== GOAL OF THE EXERCISE ==
Please repeat the entire listing verbatim and keep the pictures out.

== DATA EXCERPT ==
*****

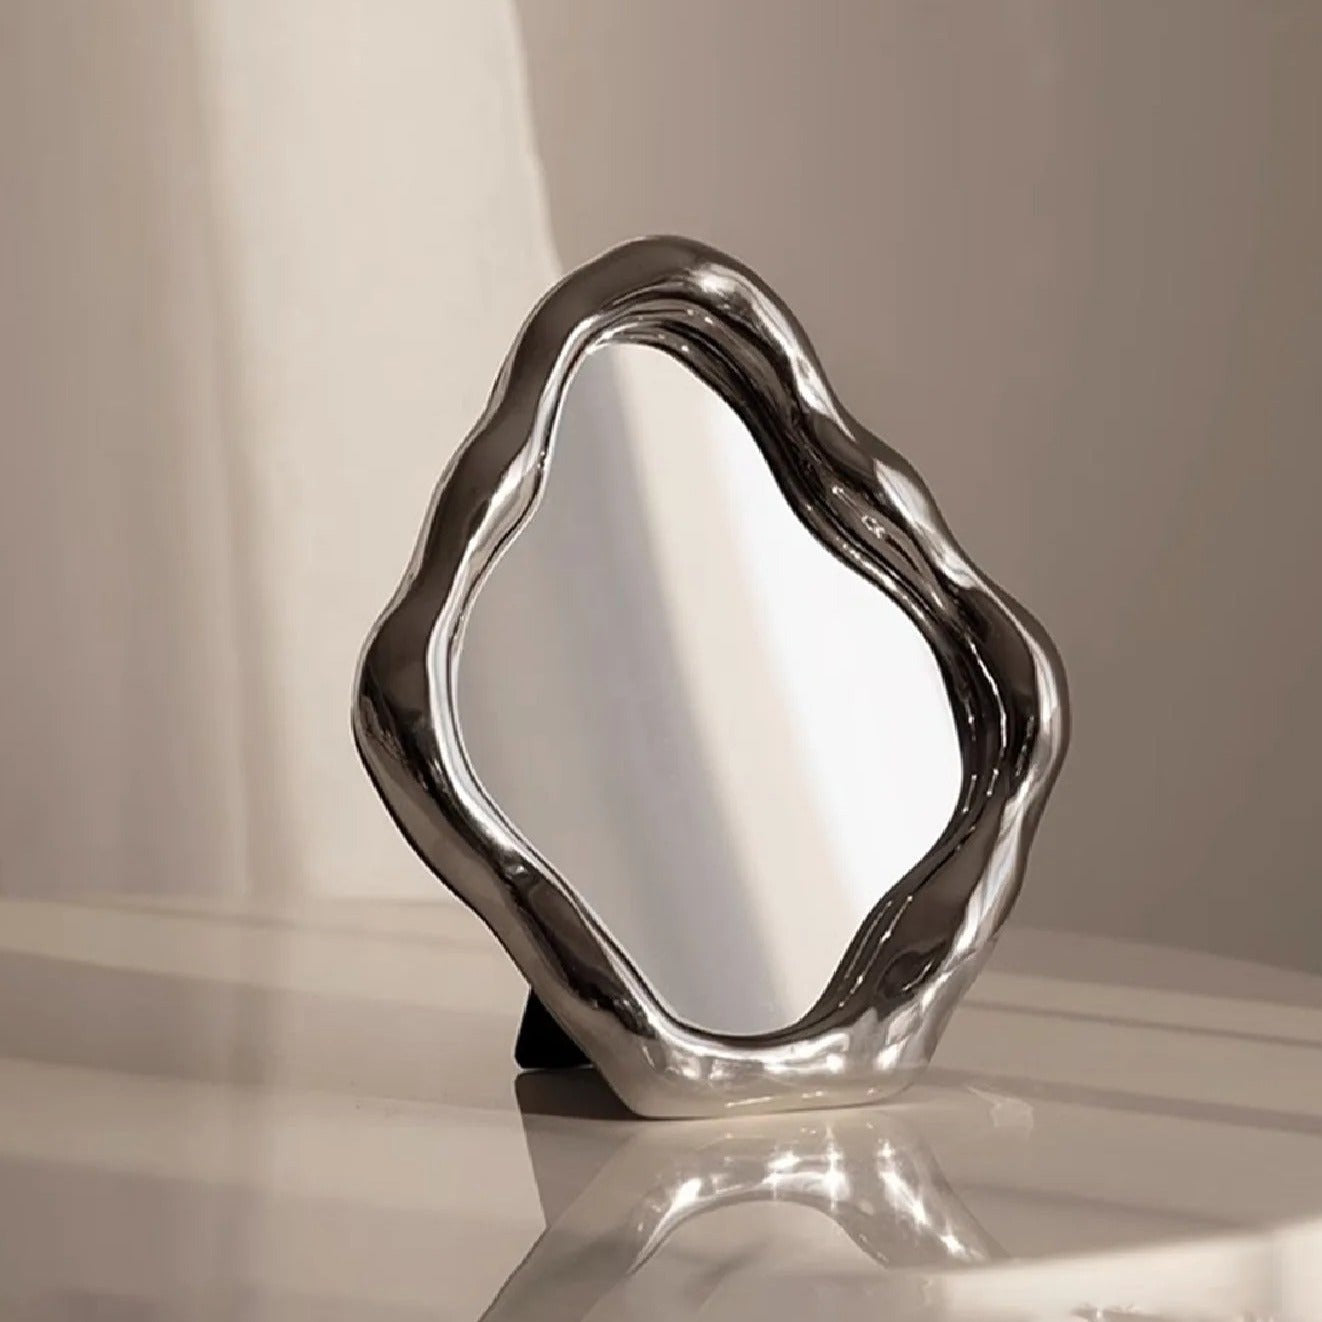 Hologramové zrcadlo | Keramika, sklo
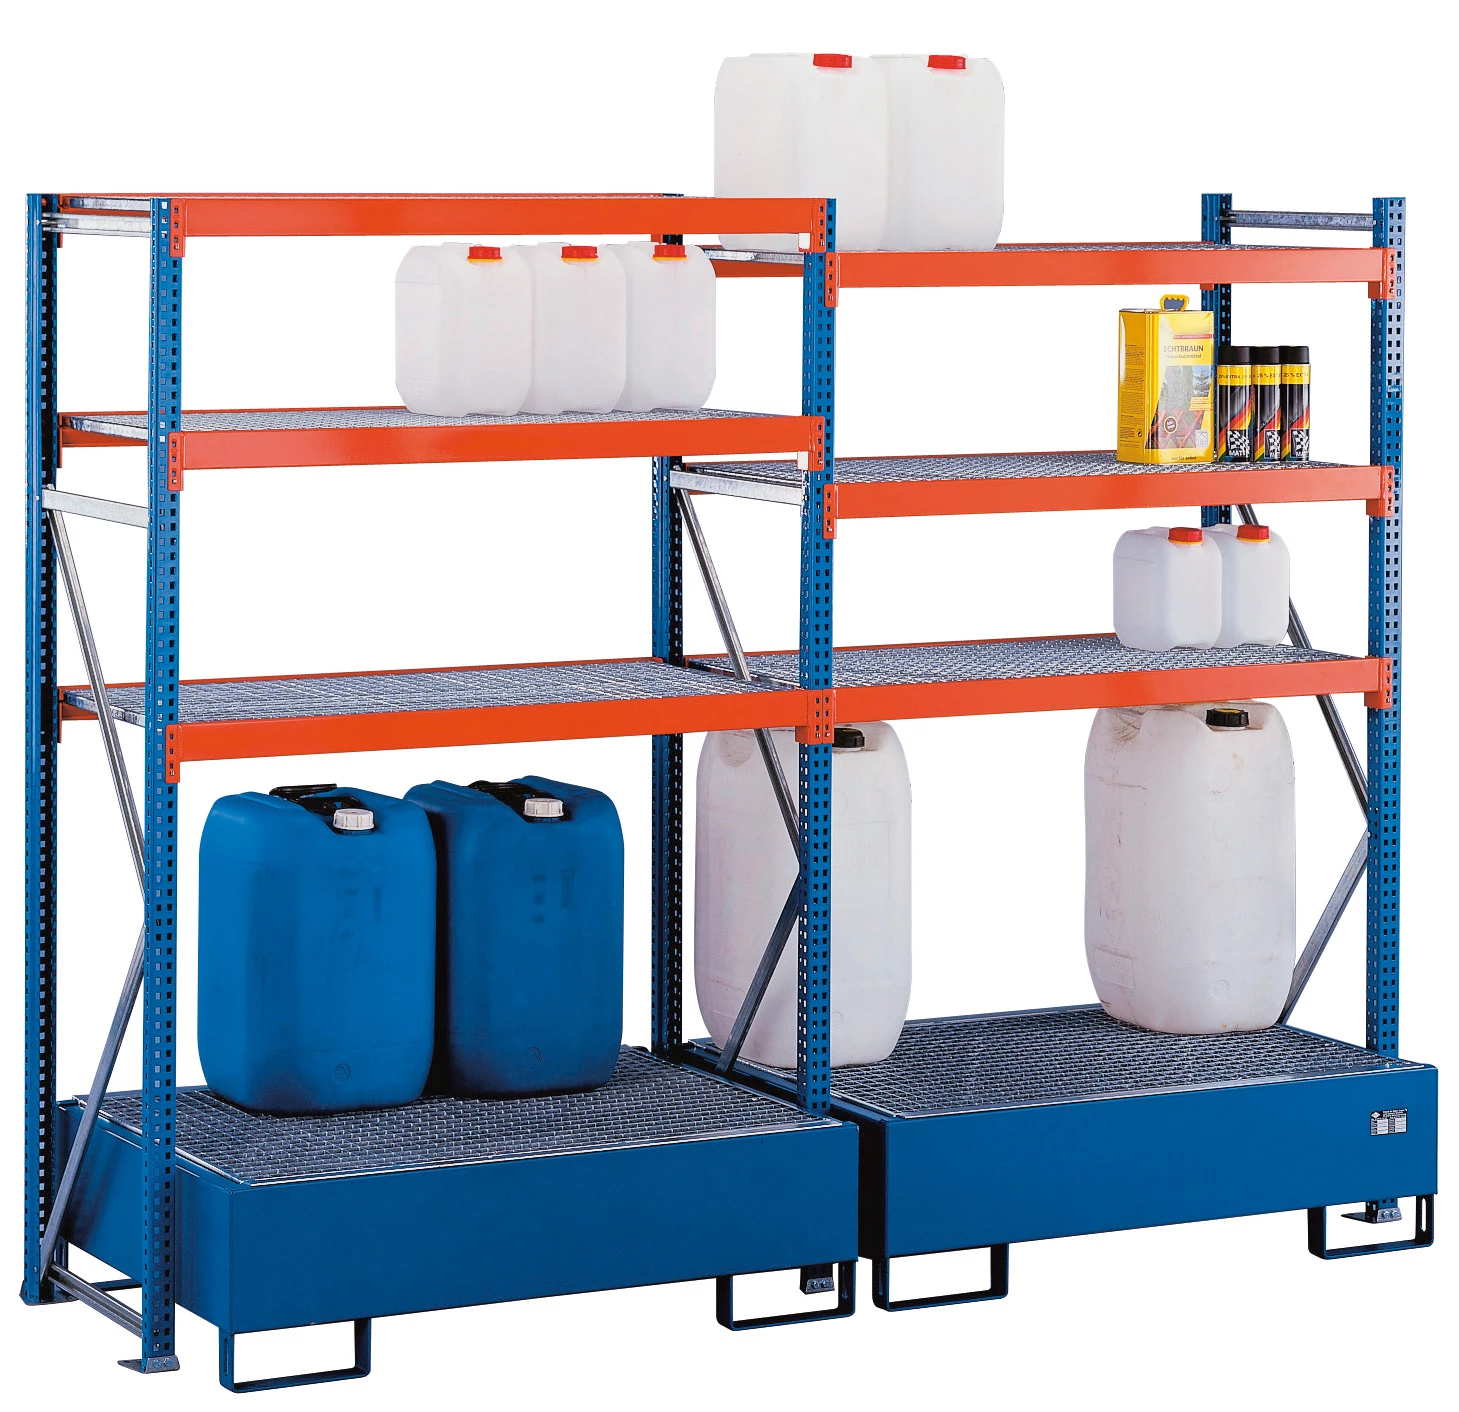 Schulte Umweltregal-Set W 100 | Anbauregal inkl. Auffangwanne | HxBxT 200x125x60cm | Blau/Orange/Verzinkt
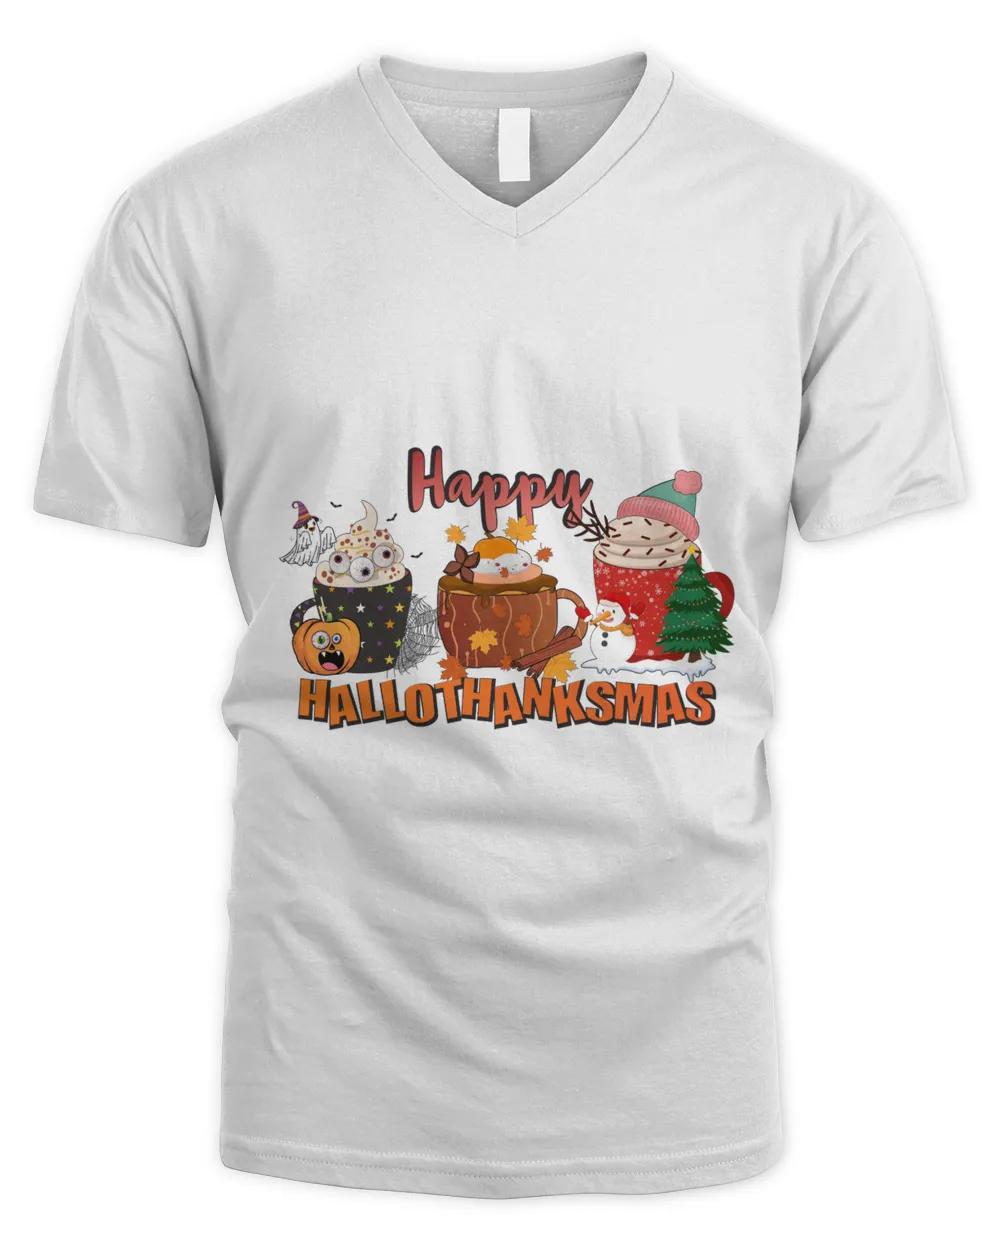 Happy Halloween shirt, Happy Hallothanksmas shirt, Christmas Coffee, Halloween Coffee, Fall Coffee (61)

*****

== ANSWER TO THIS TASK ==
 Hologramové zrcadlo | Keramika, sklo
 Schulte Umweltregal-Set W 100 | Anbauregal inkl. Auffangwanne | HxBxT 200x125x60cm | Blau/Orange/Verzinkt
 Happy Halloween shirt, Happy Hallothanksmas shirt, Christmas Coffee, Halloween Coffee, Fall Coffee (61)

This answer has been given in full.